The 2011 Du Toitskloof Chardonnay Viognier is available from the cellar and retails for about R65 per bottle whilst the 2011 Muratie Isabelle Chardonnay is available nationally from supermarkets and fine wine stores at around R95 per bottle.

For all the pictures of the event as shot by Andres de Wet, visit my Drizzle and Dip Face book page.

The drive out to Du Toitskloof was breathtakingly beautiful on a crisp winters day with snow capped peaks in the distance. These are a few pics which I snapped along the way:

I look forward to connecting with you again in the future.

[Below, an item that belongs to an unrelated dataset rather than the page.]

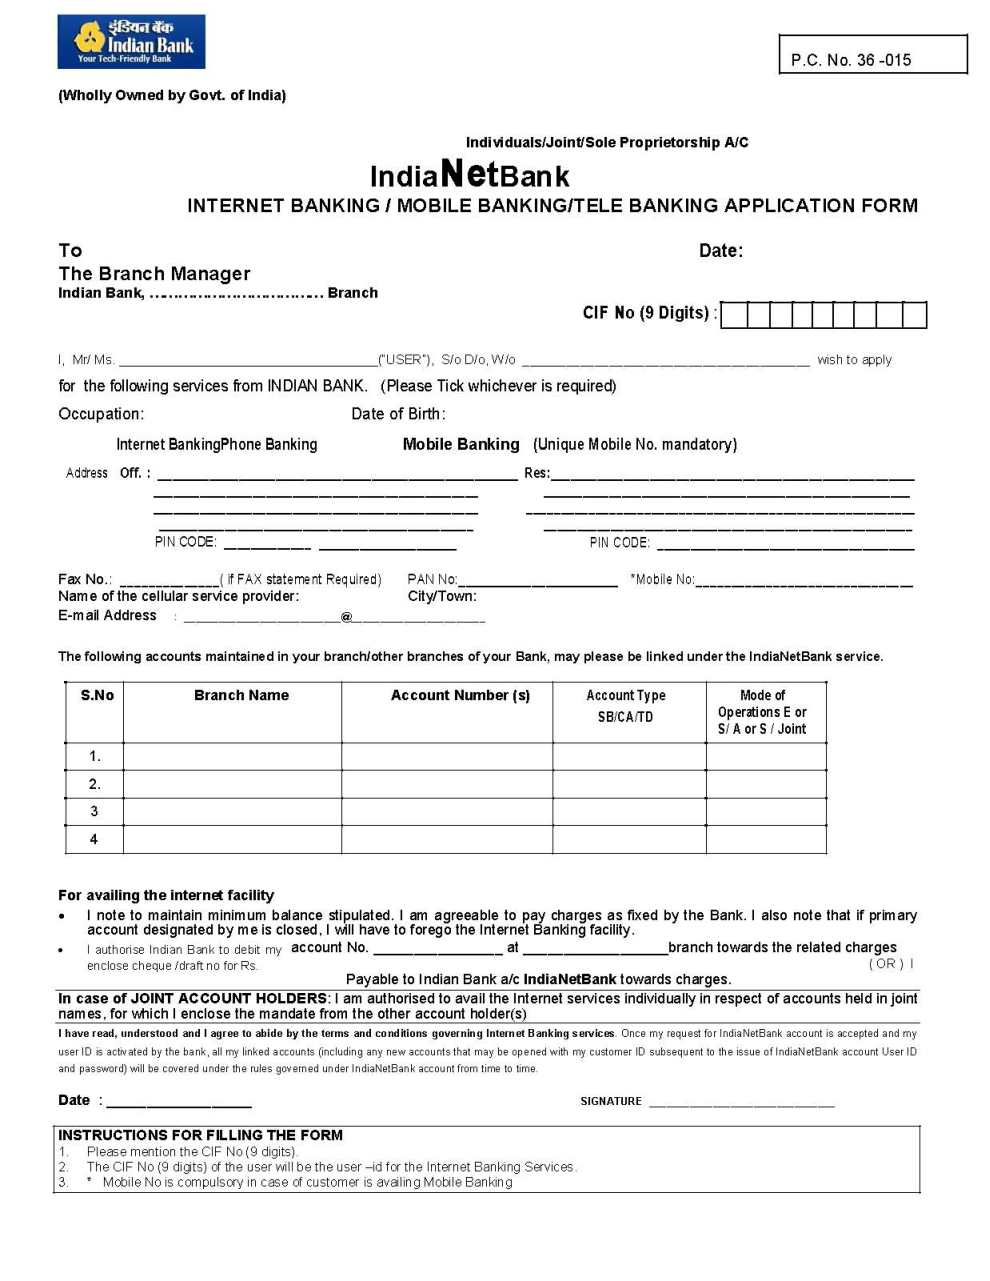 Indian Bank Net Banking Application 2019 2020 2021 MBA

Visit my Drizzle and Dip Facebook page to get updates of all my posts.

I can also be found enthusiastically pinning beautiful food images on Pinterest.


  1. I love that landscape so much. When I visited Southern Africa a few years back (South Africa, Botswana, Zambia and Zimbabwe), I was blown away by the landscape. The one place I didn’t get to see and regret it was Capetown. One day….

  2. Sam

    Hi Suzanne, Sorry you didn’t get to CT as it is arguably one of the most beautiful cities in the world, but sounds like you did a lot of other interesting and beautiful parts. I feel truly blessed to live in paradise.

  3. Marcia Michalitsianou

    Ag, man !! you make me SO homesick !!!!!!!

  4. Hi Sam,
    Drove the same road on the same day, snow on the peaks were fantastic.

    I was lucky enough to get waterblommetjie flowers earlier in the season, they have an amazing jasmine like scent and make for a very interesting ingredient at this stage of their development.

    Also of interest is the fact that the uintjie (underground storage organ) is referred to as a delicacy in Leipoldt’s writings. But production would have to be a bit better managed as widespread harvesting of this slower growing organ would likely affect the supply of flowers.


  5. Sam

    Hi Rupert that is so interesting to know. I would like to make a soup with it and was also thinking of a barley risotto. It has such a delicate flavour which is worth exploring further.